Большинство простых и невинных желаний оказываются ловушками. Как это происходит и почему, неизвестно, но именно так. Верлен в «Мудростях», книге светской, но искренной (есть желающие искренно веровать — Ф.М.Д.) обозначил этот момент так: доводы гордыни. Здесь использован перевод Брюсова, с которым я согласна. В поэзии тоже есть такой момент. Два состояния: когда пишешь стихи, думаешь, что делаешь нечто возвышенное и значительное. Ах, стихи! Это первое и фатальное. Слишком серьёзно к тому, что только что тобой написано, относиться нельзя. Опасно для жизни. Второе состояние случается реже. Поэты не думают, что пишут нечто гениальное и великое. А если и говорят, то скорее со стороны, чем от себя. Они вообще не думают, они пишут, когда видят, и пишут тем, чем видят. Глазами. Сердцем. Душой. Это особенное смирение поэта.
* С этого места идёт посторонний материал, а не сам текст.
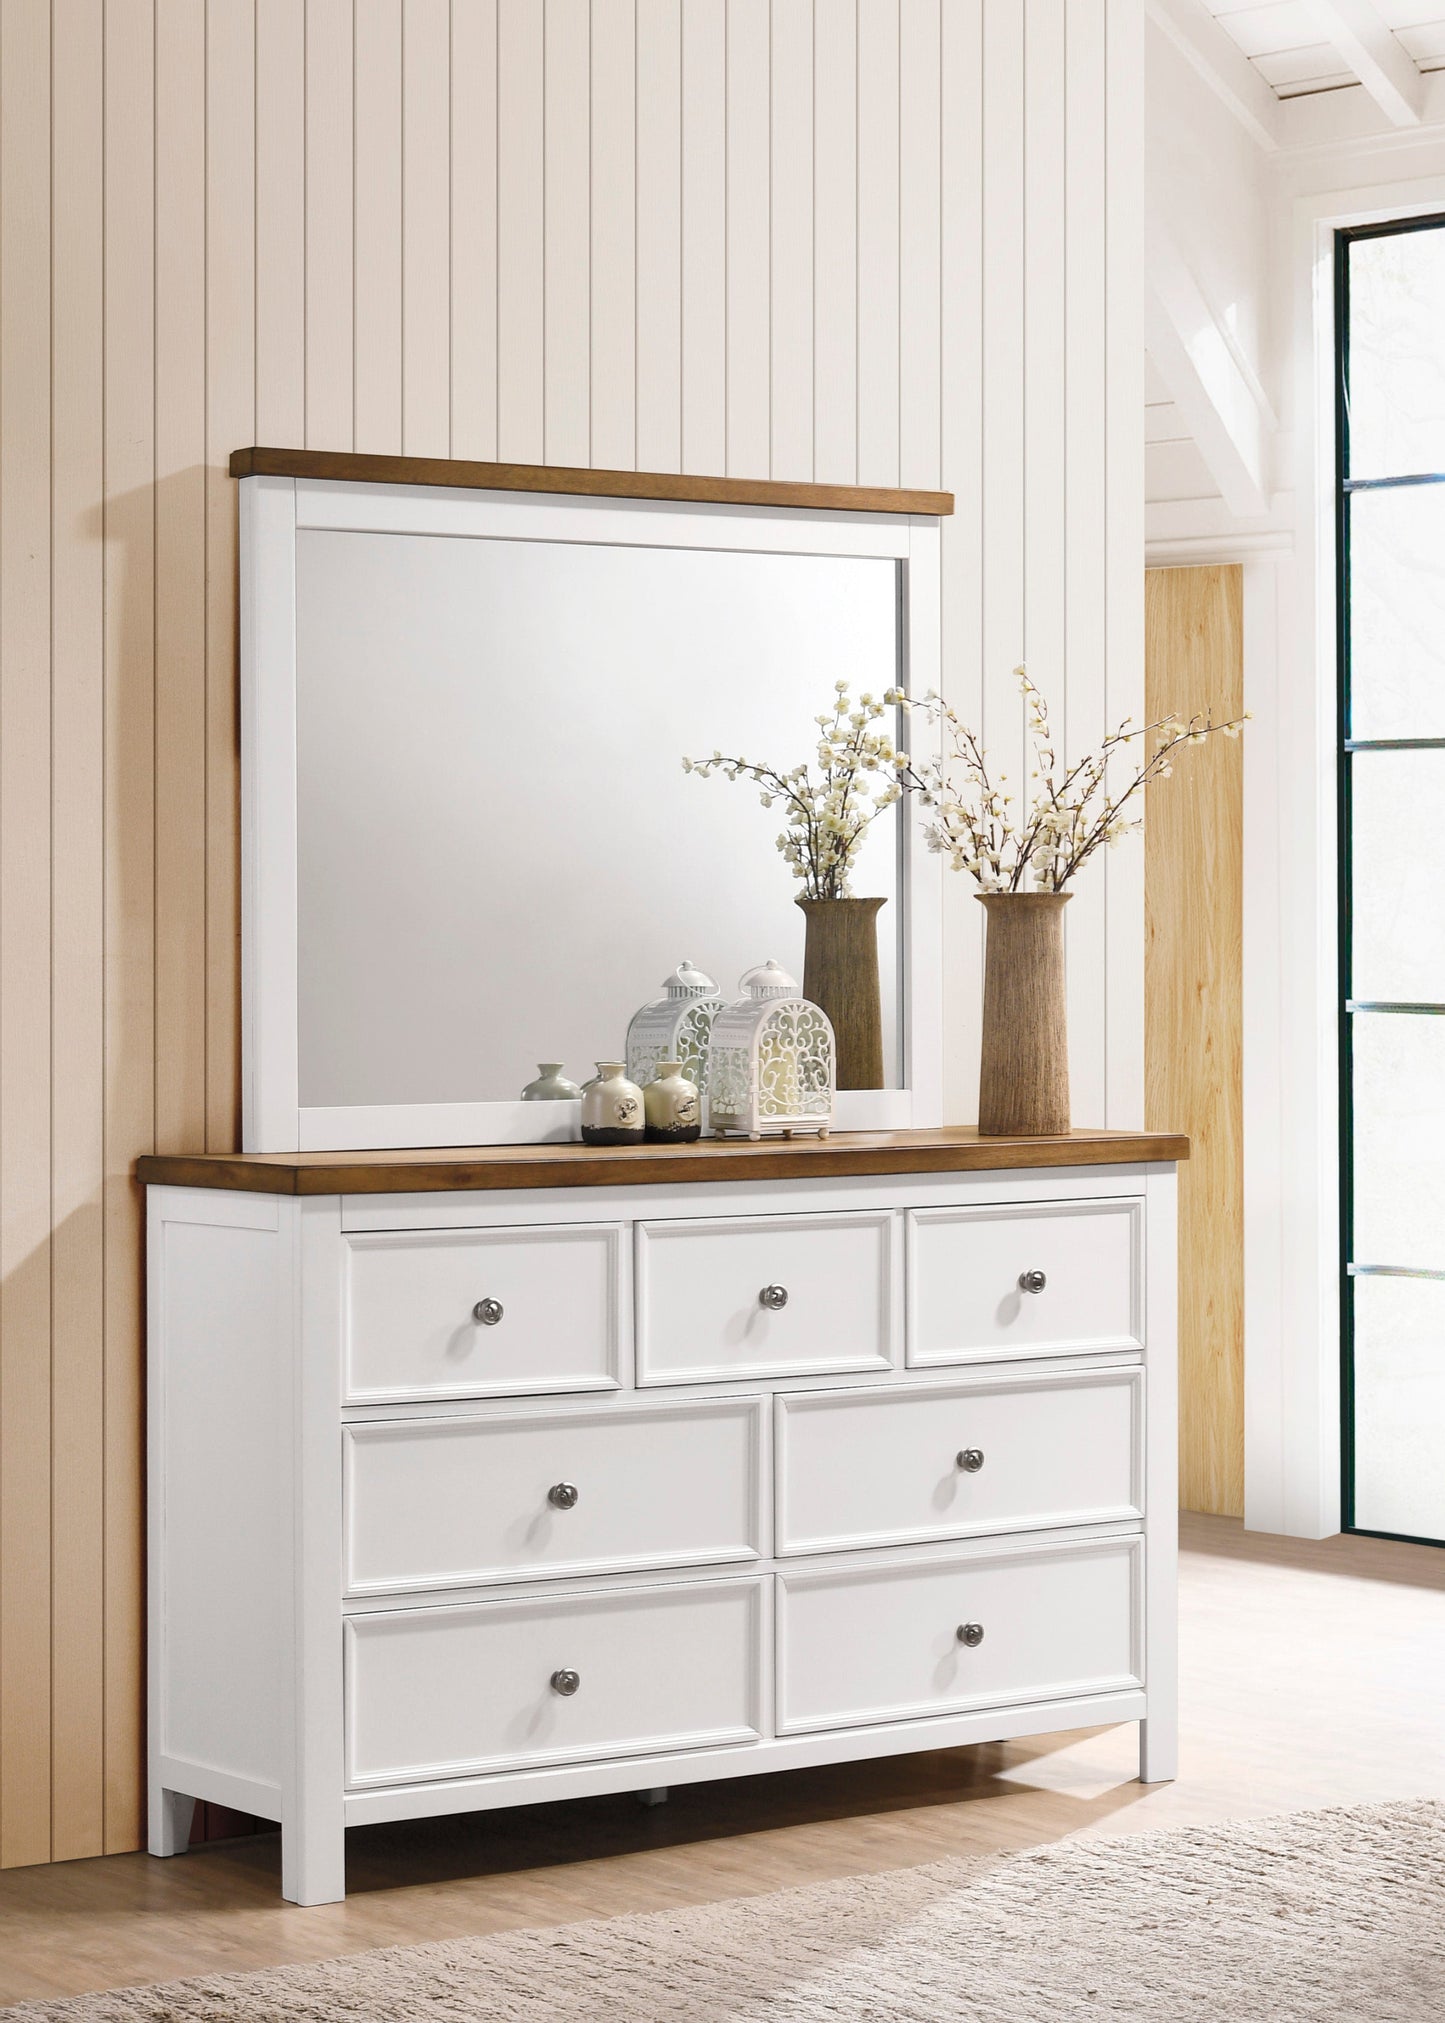 Westconi Dresser&Mirror - dresser

Я не верю в большого поэта, одержимого манией величия. Она удел поэтов-детей (в дурном смысле), попавшихся в ловушки тщетности.
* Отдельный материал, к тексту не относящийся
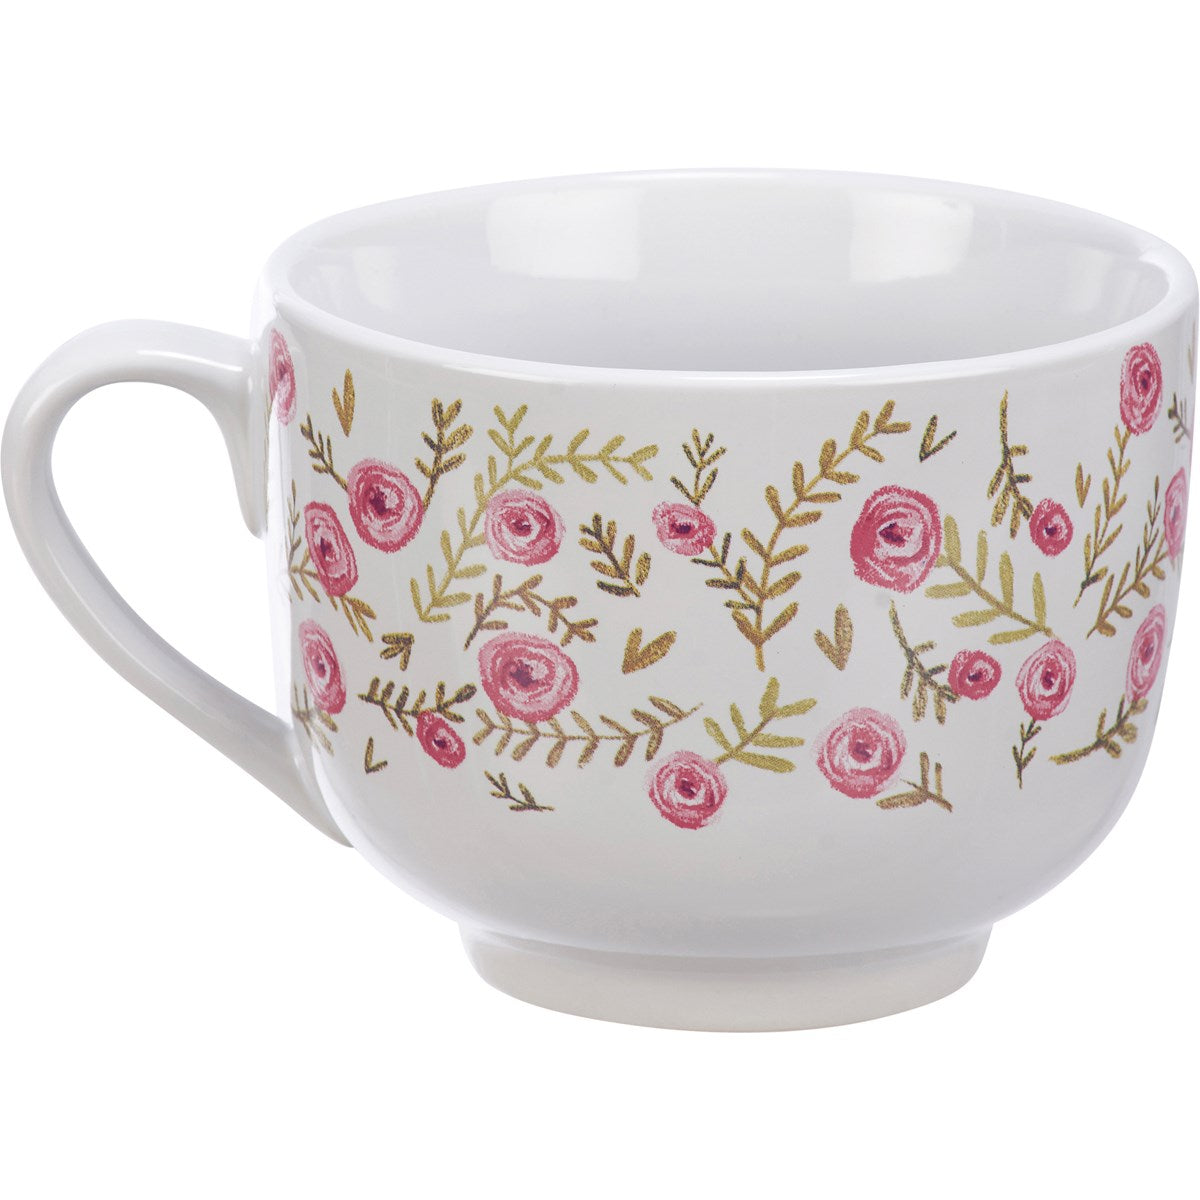 A Cup Of Hope Mug Floral 20 oz

Чувство вины подчас бывает чем-то вроде чернил. Случаются и кляксы.



datafree

без числа

Преподобного Анатолия Оптинского и мученика Иоанна Воина. Уже близко полярные тени праздника Успения: дикий жар днём (вар) и лёд (слан) по ночам. Перепады в течении дня поразительные, почти хоровое пение где-то в глубине воздуха. Получилось так, что в этом году я позабыла, что 9 августа память Великомученика и целителя Пантелеимона. И только ближе к ночи получила записку с поздравлением. День был трудный, но с милостью и утешением. Я забыла о святом, а он напоил меня кофе. Согласно письмам Святогорца, кофе и фруктовое желе с сухим печеньицем — обычная гостевая трапезка для путешественников. Желе и печенья я недостойна, но кофе, как напоминание о Русике, было.

Нынче день очень богатый. Именно в августе, на перекате от пустыни к чаще леса, возникает волна неповторимого аромата от зелени и цветов. Душа земли готовится к холодам. Но сначала — к двум любимейшим на Руси праздникам: Преображению Господню и Успению Богоматери.
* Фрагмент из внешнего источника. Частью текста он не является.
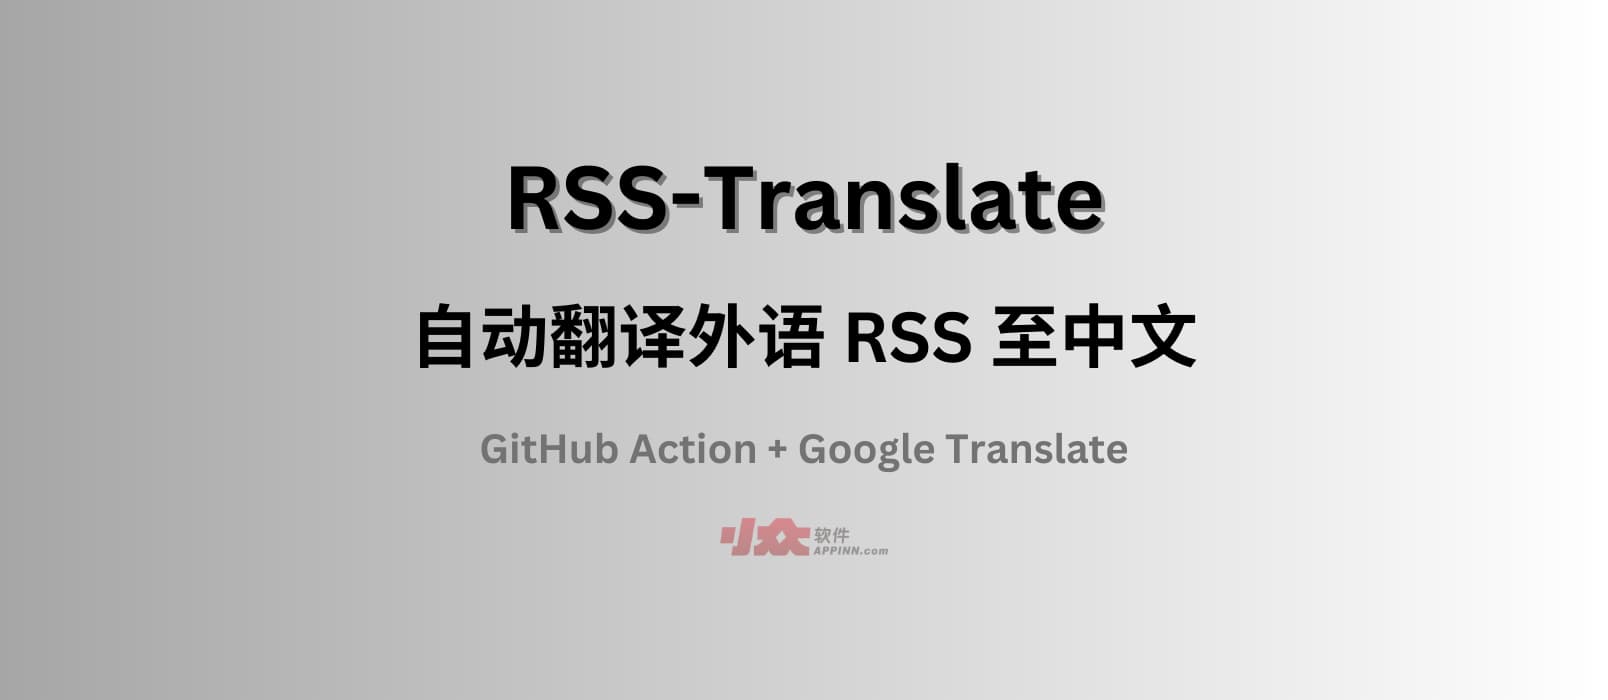 RSS-Translate - 自动翻译外语 RSS 至中文

О мученике Иоанне Воине. Он обладает особенным даром, если чтить его память, избавлять от внезапных нападений и ограбления. А так же помогает найти утраченные вещи, просветляет память и душу. Так что всех читателей с праздником.



datafree

без числа

Замечания к «Четырём поэмам». Писались они во встречной хронологии. Первые две выросли из середины сороковых, потому что то время мне достаточно хорошо знакомо по рассказам, а последние две шли навстречу друг другу. «Поэма об архитекторе» писалась третьей, и по времени она самая близкая (роковой рубеж середины 90-х). Последняя, «Воспоминания в Архангельском соборе», по изображённому в ней времени хронологически должна бы стоять первой, но написана она как заключительная.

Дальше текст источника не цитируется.